Work order — Exclude every picture. Output verbatim the lines from the one containing "Antique Venetian Gold" to the end of the data.

Source material —
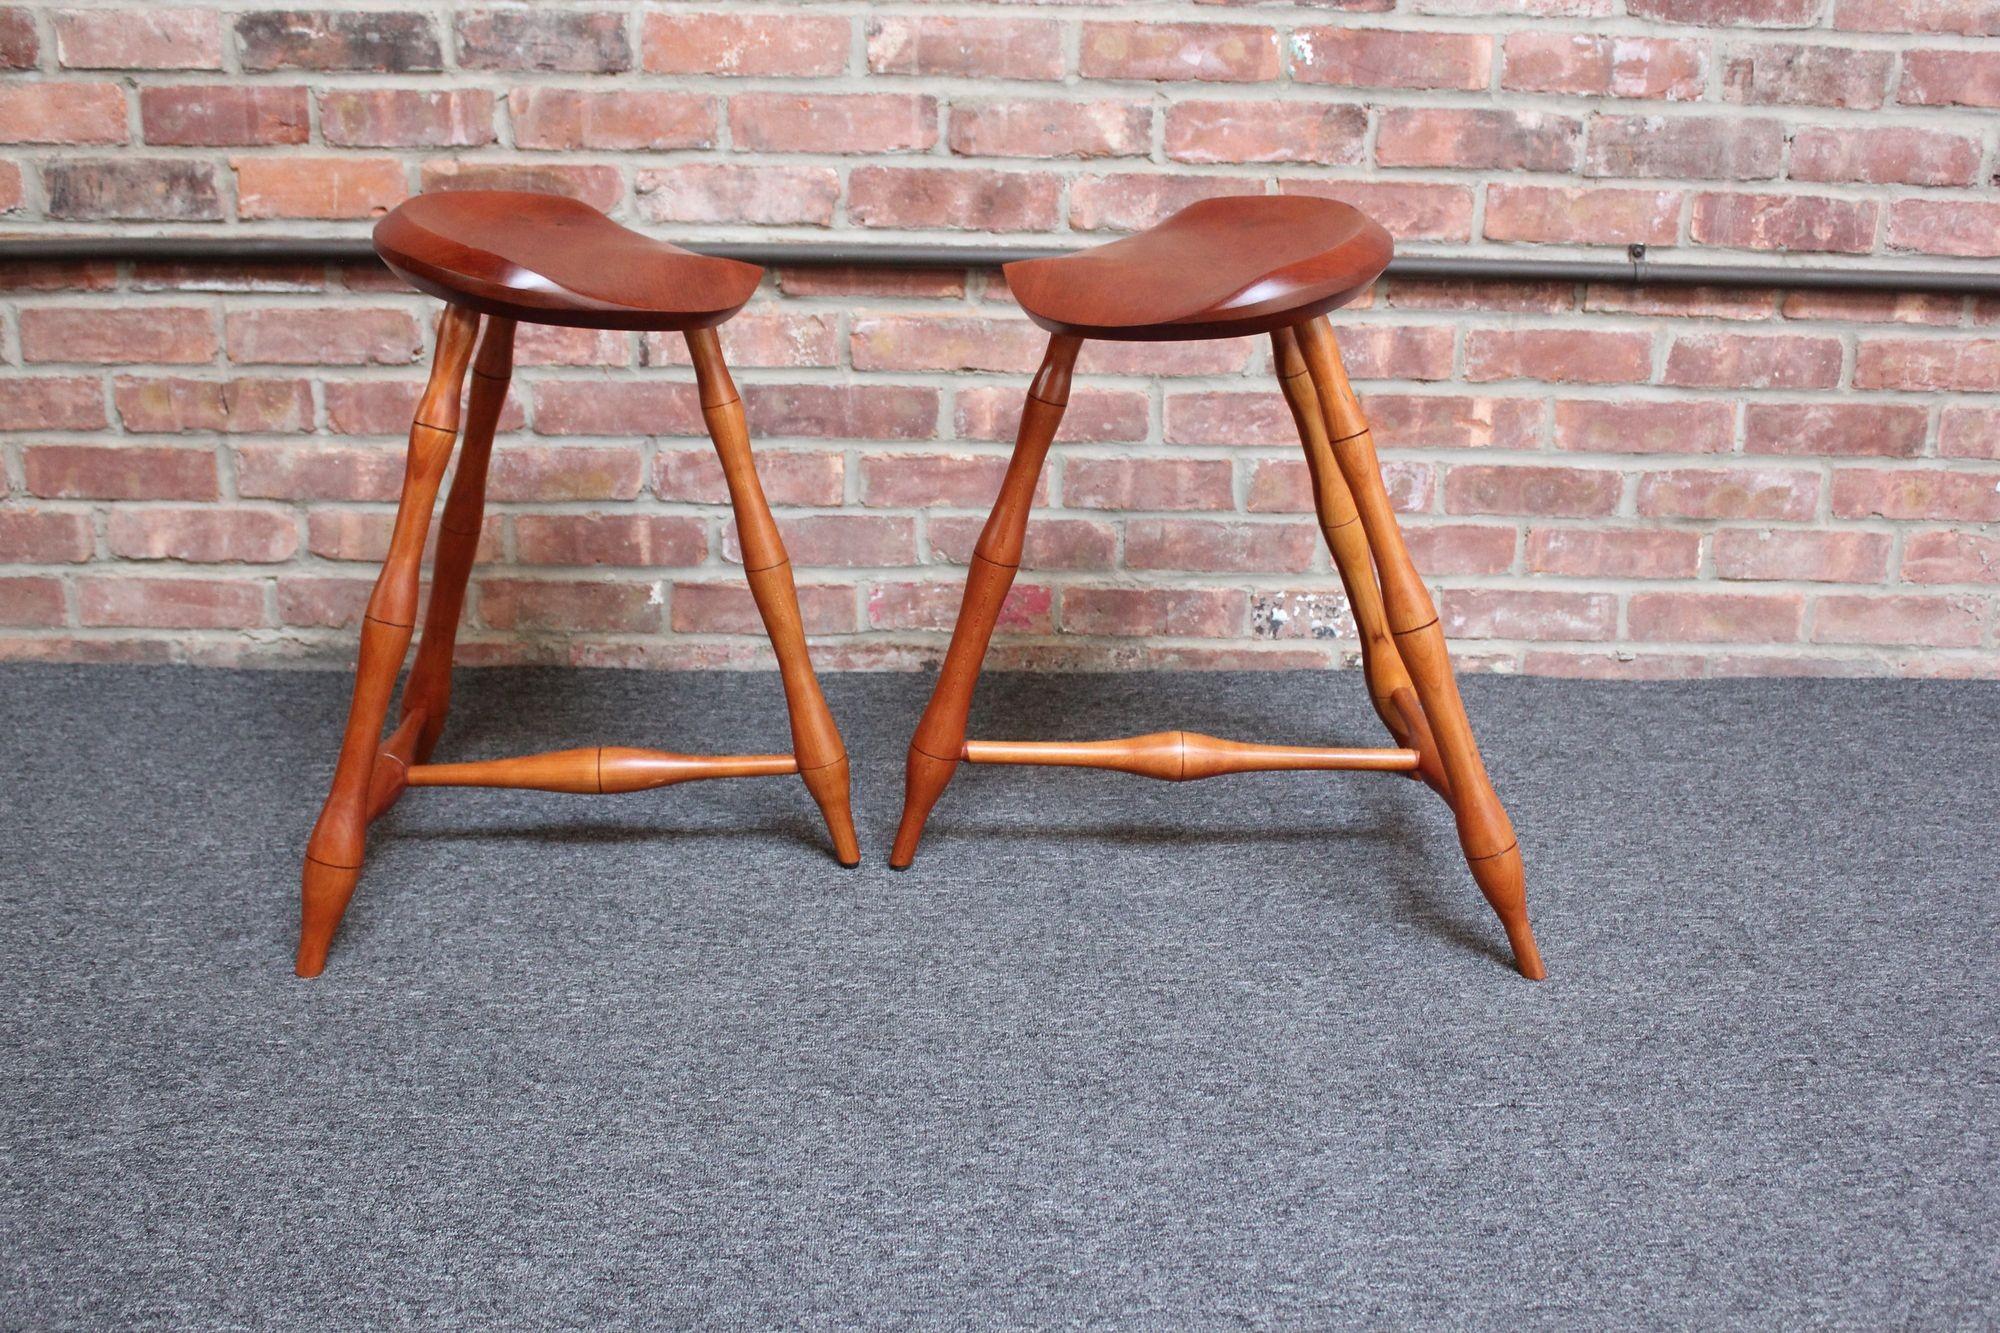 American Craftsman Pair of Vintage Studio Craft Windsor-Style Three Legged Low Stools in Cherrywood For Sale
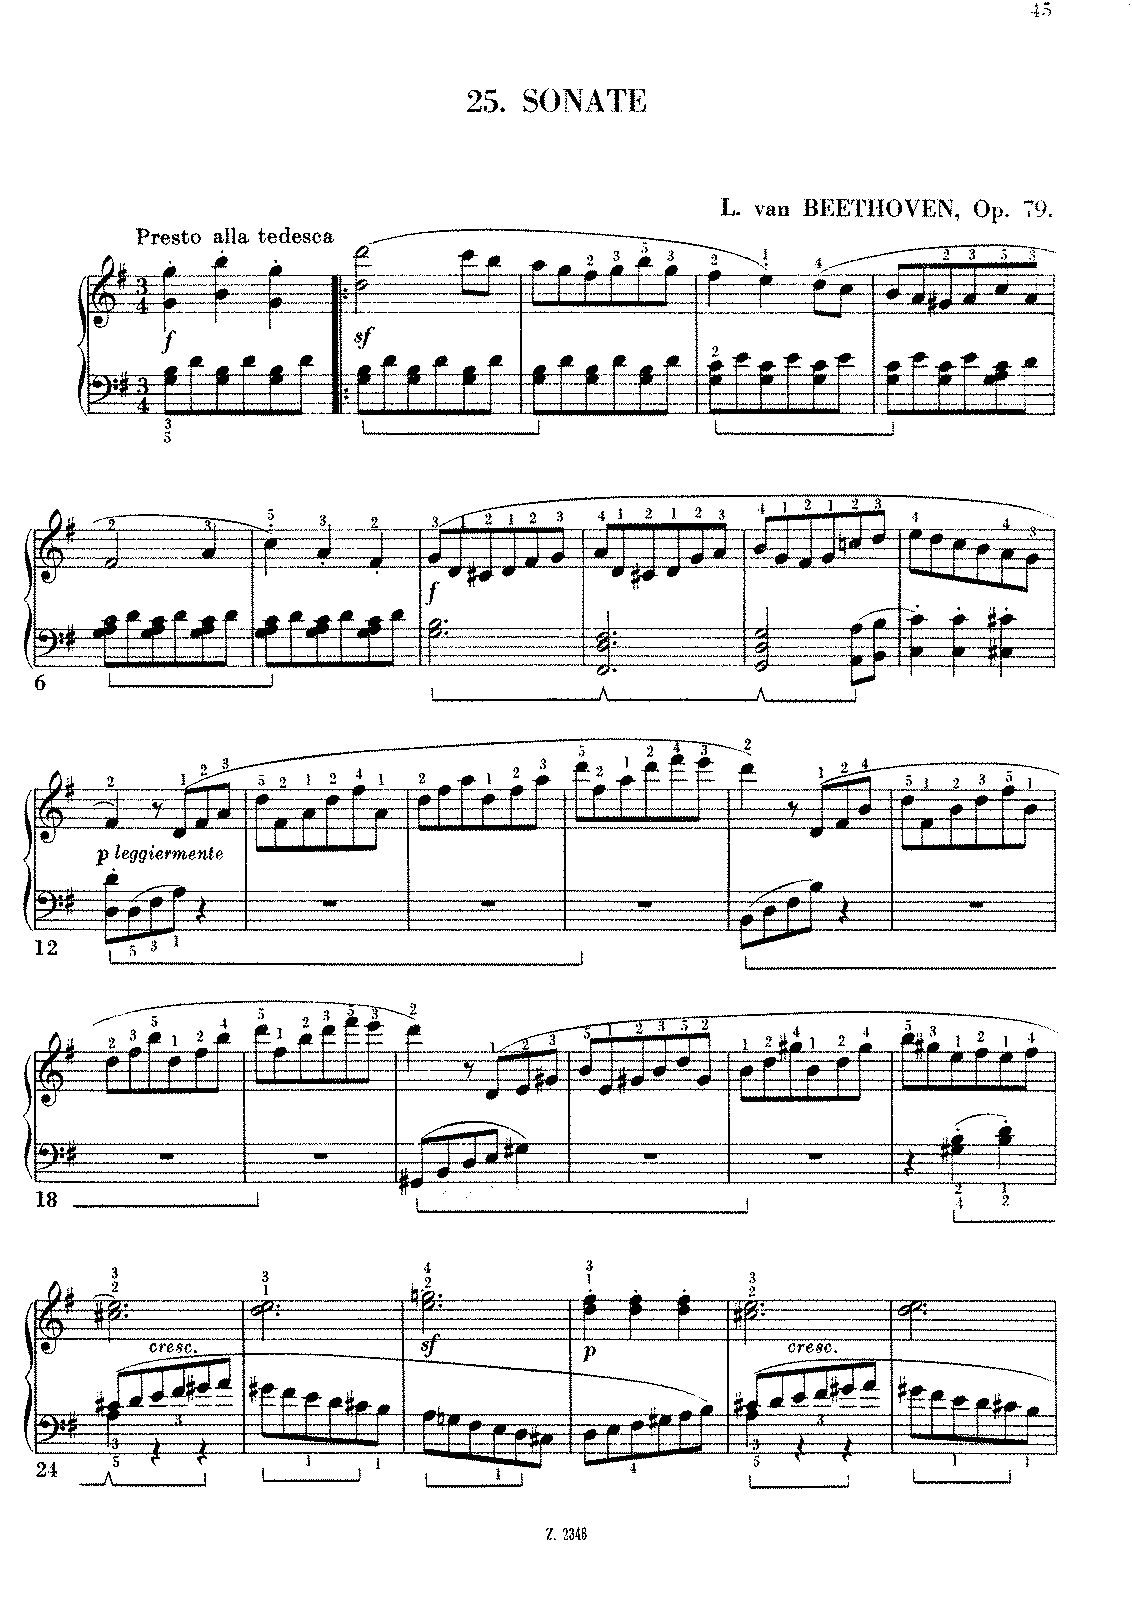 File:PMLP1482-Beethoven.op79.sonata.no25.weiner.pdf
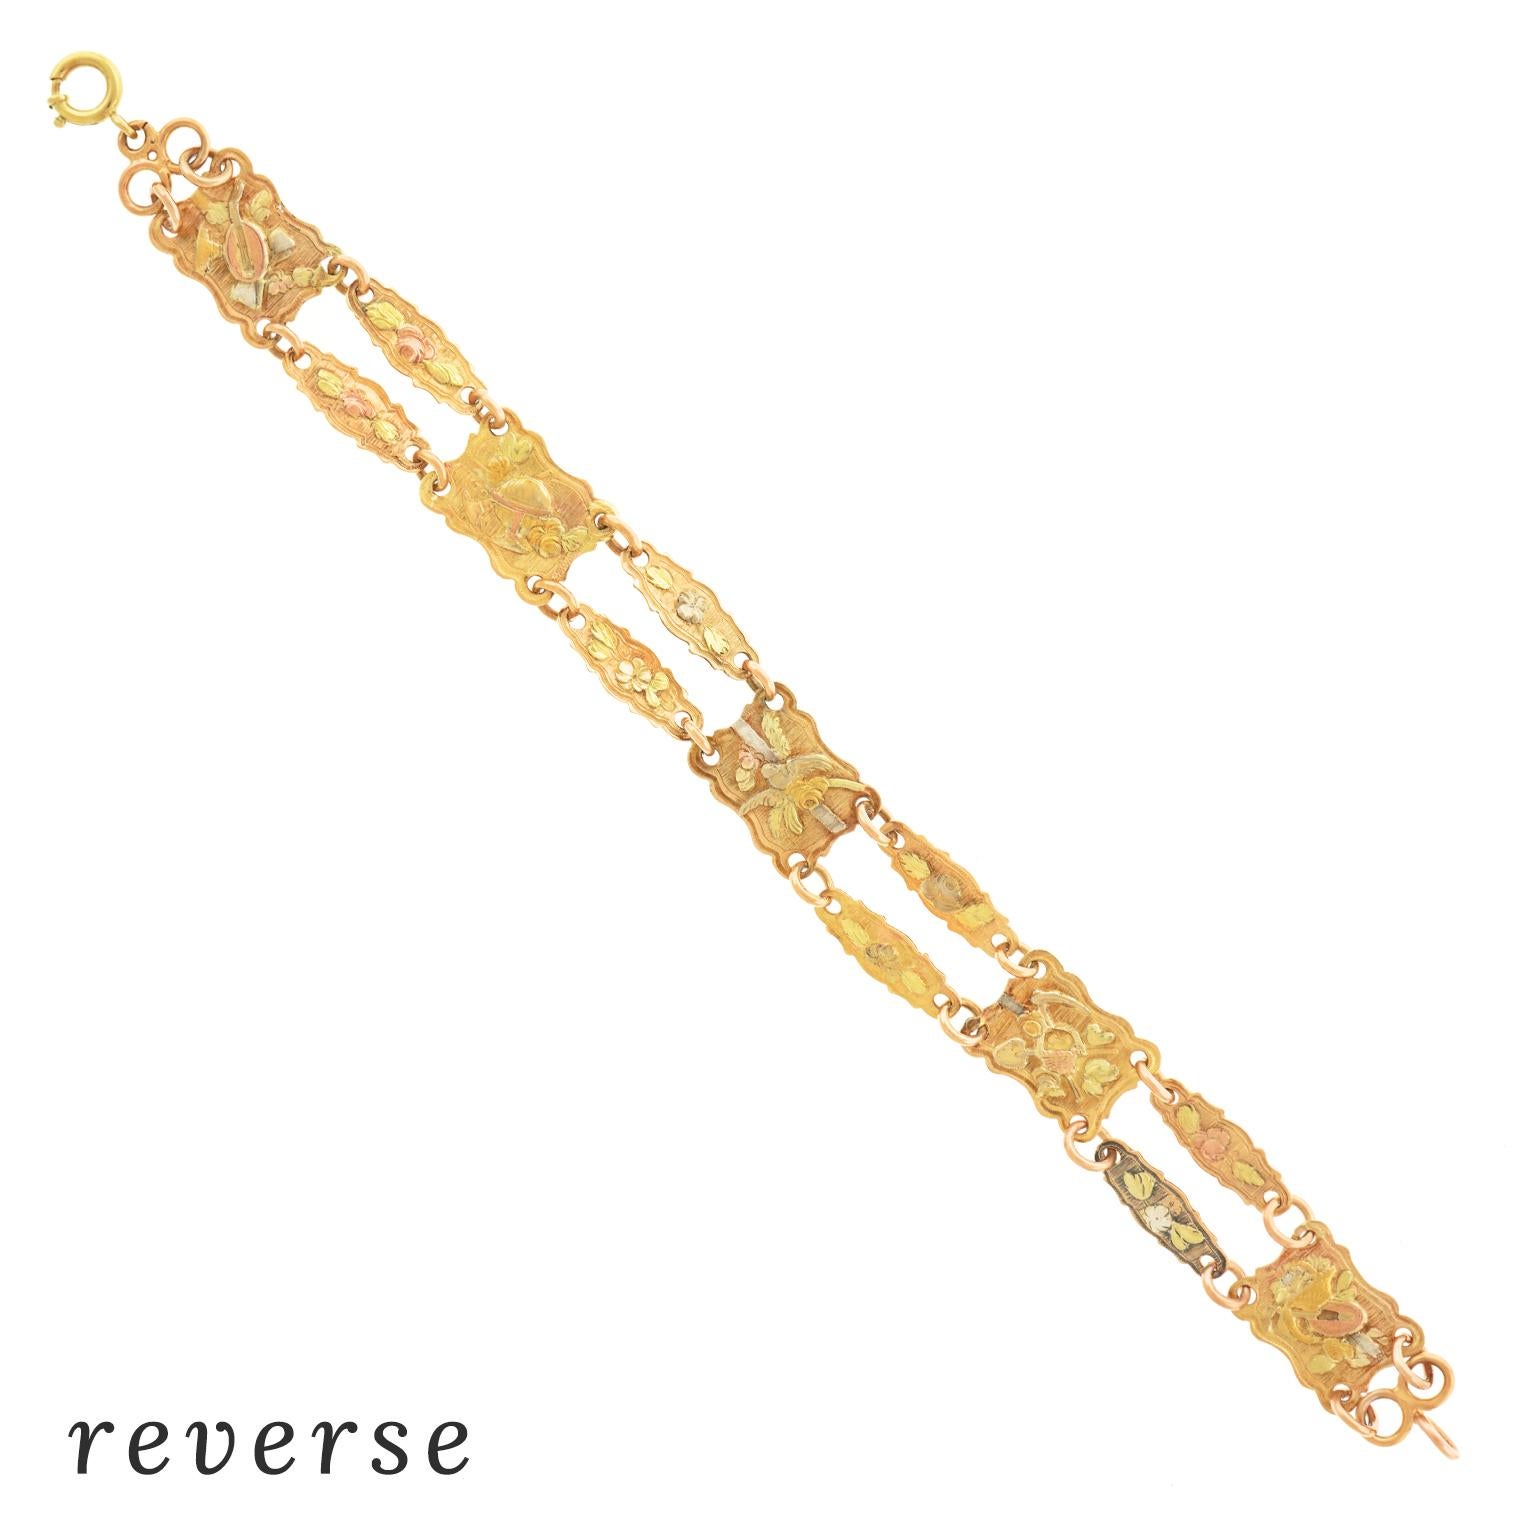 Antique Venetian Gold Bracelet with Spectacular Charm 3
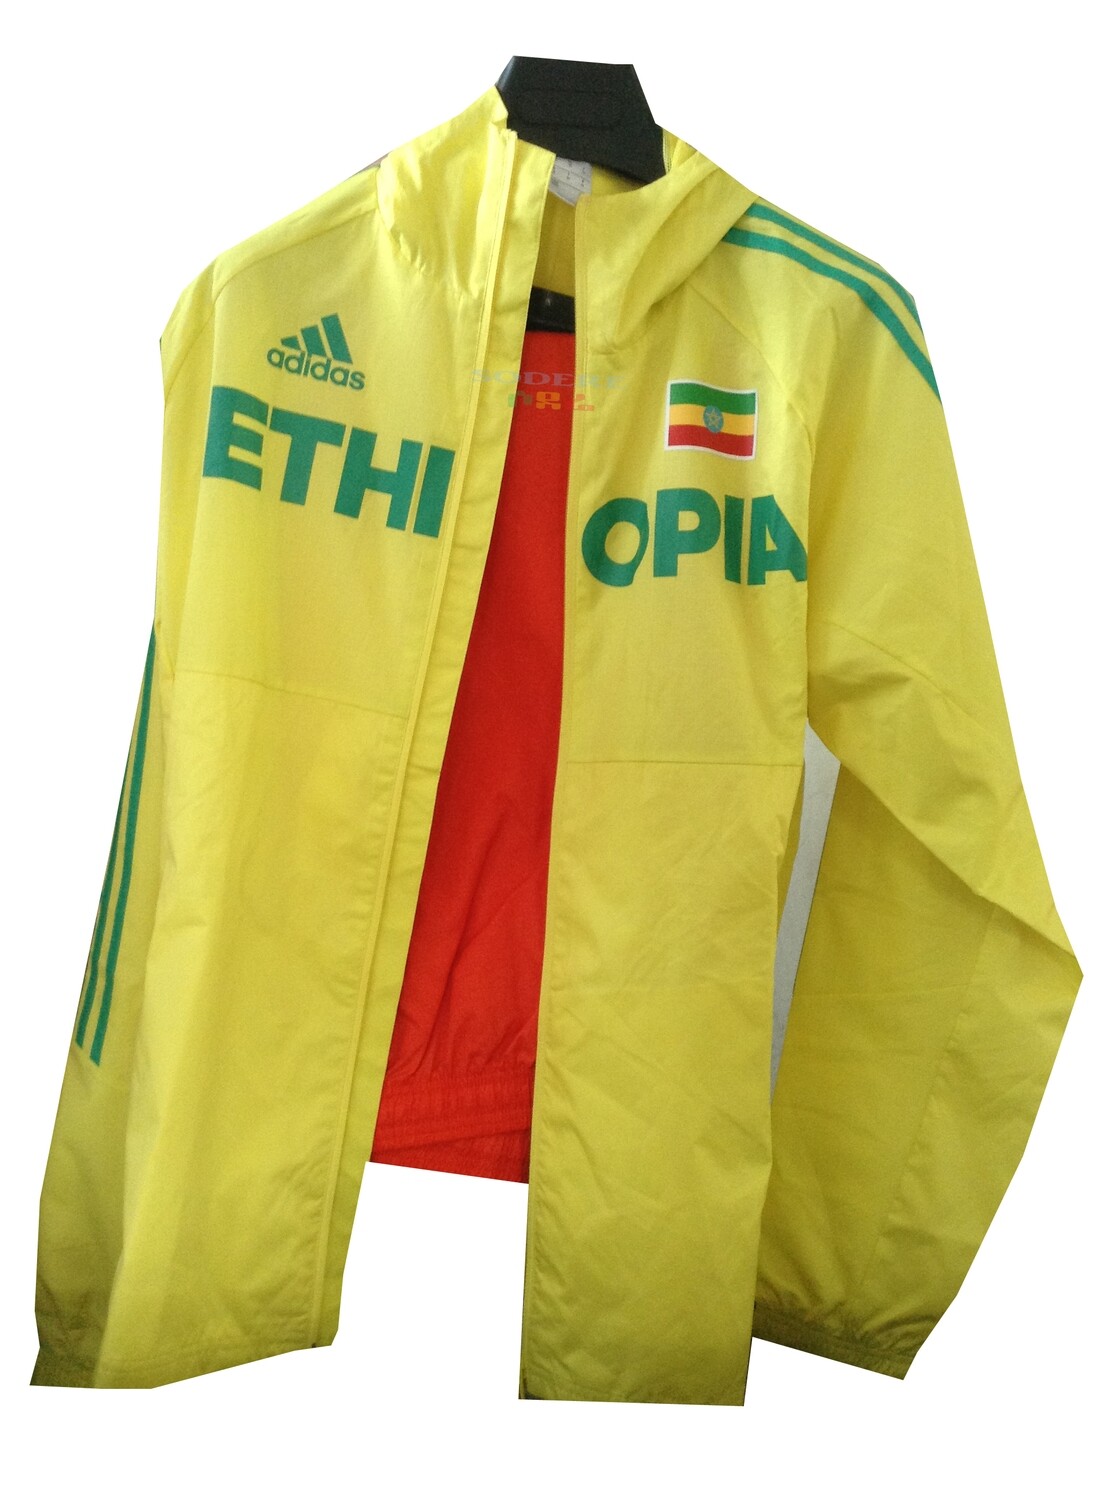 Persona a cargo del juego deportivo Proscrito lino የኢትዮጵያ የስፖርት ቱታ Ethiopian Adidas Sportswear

Answer to this exercise —
 Antique Venetian Gold Bracelet with Spectacular Charm 3
 Persona a cargo del juego deportivo Proscrito lino የኢትዮጵያ የስፖርት ቱታ Ethiopian Adidas Sportswear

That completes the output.